It’s normal to feel unsure about this big step. Over 6,900 people, just like you, visit our website each month seeking guidance on secured loans.

We know it’s a big choice, but we’re here to help you understand all about mobile home equity loans. Let’s get started!

Can you release equity on a mobile home?

Most lenders don’t offer home equity loans against mobile homes. They are usually only on offer to conventional freehold and leasehold properties. 

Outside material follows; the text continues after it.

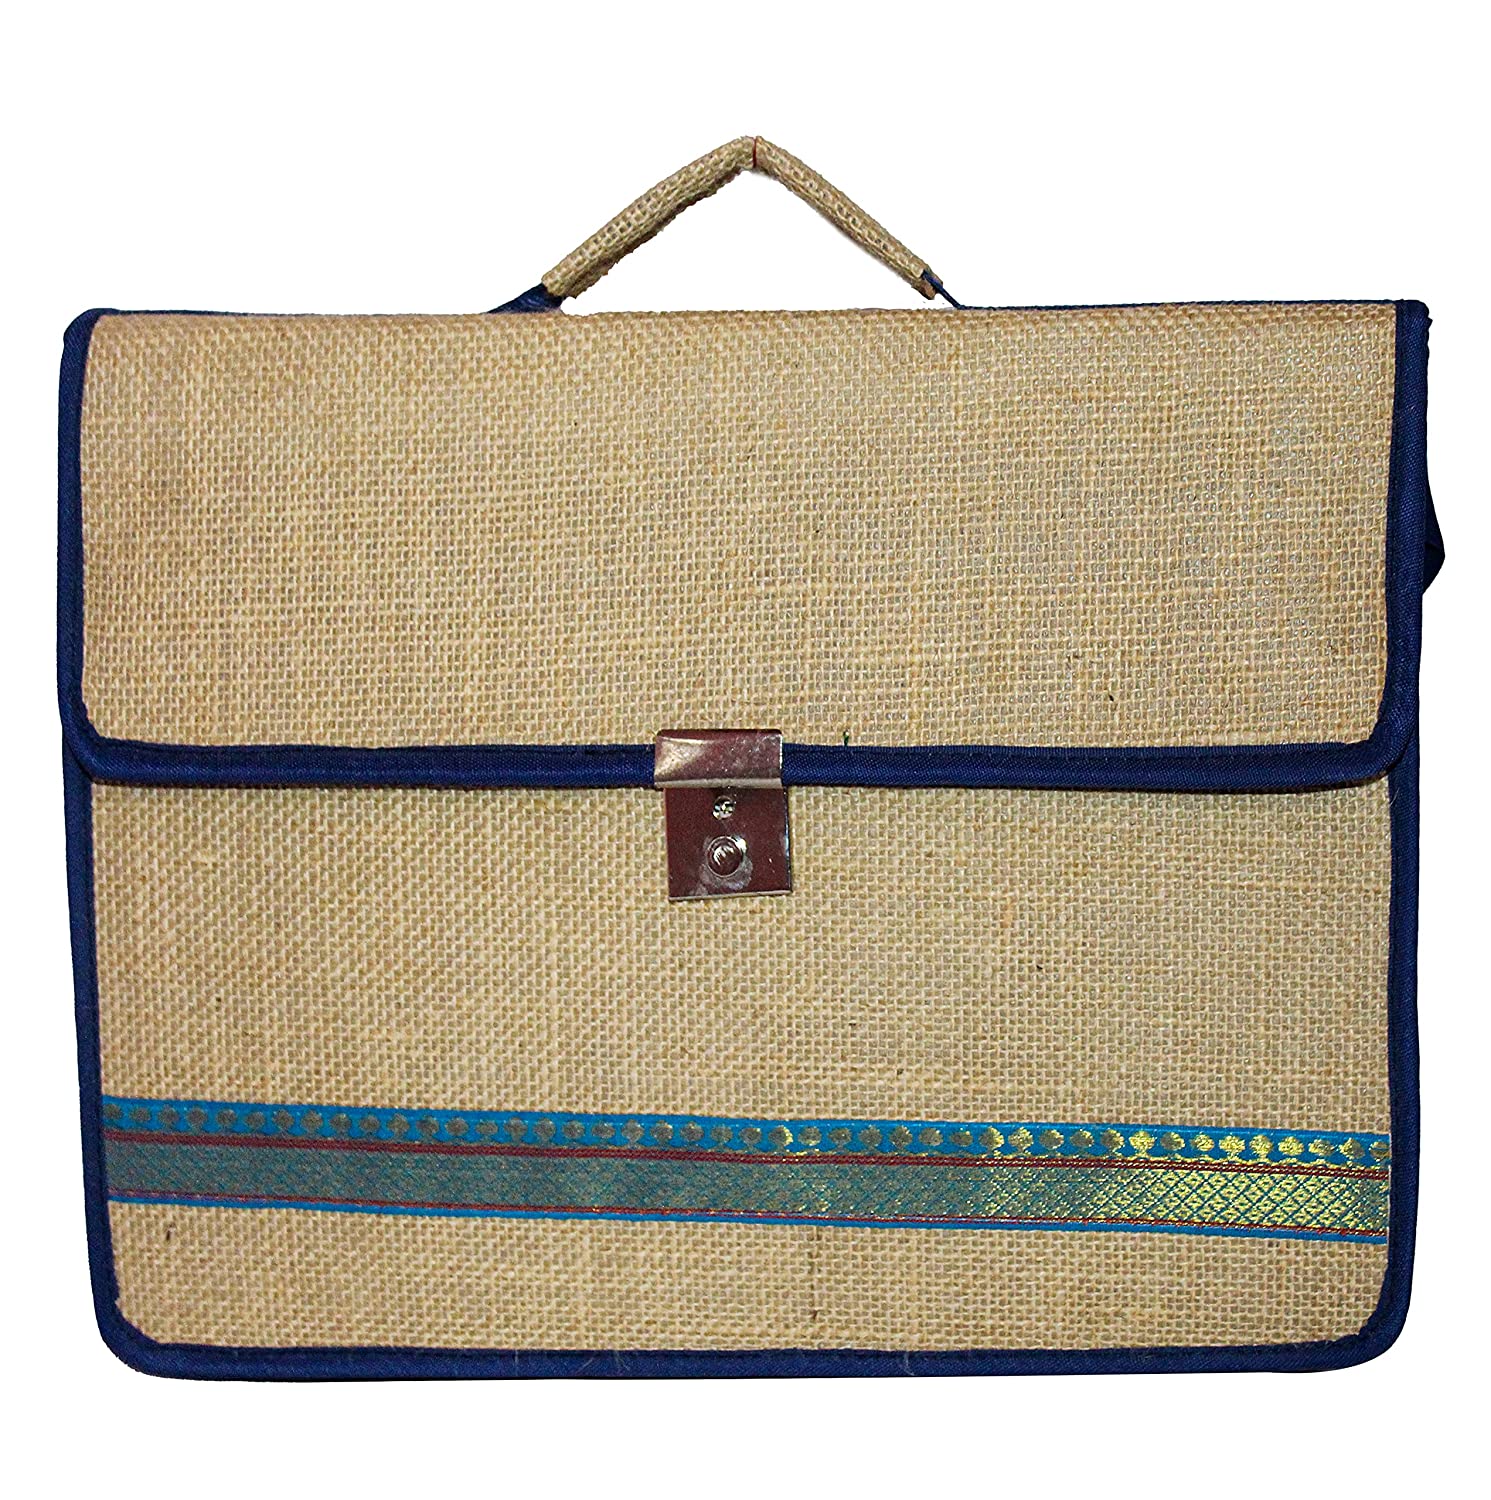 Jute Laptop Bag For Official Use With 15.6 Inch screen for Professional Work & Travel

Can I release equity on my park home?

Lenders rarely offer home equity loans on park homes, which are also a type of mobile home. However, there are alternative borrowing options if you have a mobile/park home and need credit. 

£

Lender

APRC

Monthly payment

Total amount repayable

United Trust Bank Ltd

5.99%

£218.73

£26,247.92

Equifinance

6.59%

£219.77

£26,372.92

Pepper Money

6.86%

£220.24

£26,429.17

Together

7.65%

£221.61

£26,593.75

Selina

7.79%

£221.86

£26,622.92

Spring

10.05%

£225.78

£27,093.75

Loan Logics

11.2%

£227.78

£27,333.33

Evolution

11.28%

£227.92

£27,350.00

Why don’t home equity lenders consider mobile homes?

Lenders don’t typically offer home equity loans on mobile and park homes because there is a greater risk that these property values will depreciate. 

Park homes generally make for great retirement or holiday homes, but the value of these properties are more likely to decrease than standard houses and flats. 

Alternatives to a mobile home equity loan

It might be really difficult to find a lender willing to offer you a mobile home equity loan, but there are other ways to source credit. You could:

  1. Consider unsecured lending

There might be personal loans and credit cards that can offer you the amount of credit you need. However, unsecured lending is usually used to access smaller amounts in contrast to home equity loans, so they might not be a good option for you. 

  1. Consider other secured loans

Other types of secured lending might offer you larger amounts of credit, depending on what is being used as security. Most secured loans are secured by a property, but you can find them to be secured by other assets, typically vehicles. So there may be some options out there with secured lending. 

  1. Refinance your mortgage

If you were approved for a mortgage to buy your park home – which can be challenging in itself – you could refinance the existing mortgage to borrow more. 

This is when you remortgage and simultaneously extend your mortgage to receive a lump sum payment, which can then be used as needed. However, extending the mortgage will mean it’ll take longer to pay back. 

  1. Consider selling

If you need the money urgently for a reason not connected to the property, you might want to consider selling your mobile home to raise funds. This will only be a viable option if the mobile home is an investment property or holiday home, rather than your main residence. It may be worth considering for some people. 

  1. Consider debt solutions (if looking to consolidate debts)

One of the reasons people use a home equity loan is to consolidate existing debts elsewhere. By tying up all their debt against their home, they can reduce their number of creditors and possibly secure a better interest rate to save money. 

If this was your reason for trying to get a home equity loan, there are other debt solutions available. Read our debt solution guide to uncover further options. 

Can you use equity release schemes on a mobile home?

Another question that gets asked a lot is if you can take out an equity release scheme on a park home. 

This isn’t the same as taking out a home equity loan on a park home because home equity loans and equity release aren’t the same, although sometimes they are mistakenly used interchangeably. 

So first of all, what is the difference between home equity loans and equity release? 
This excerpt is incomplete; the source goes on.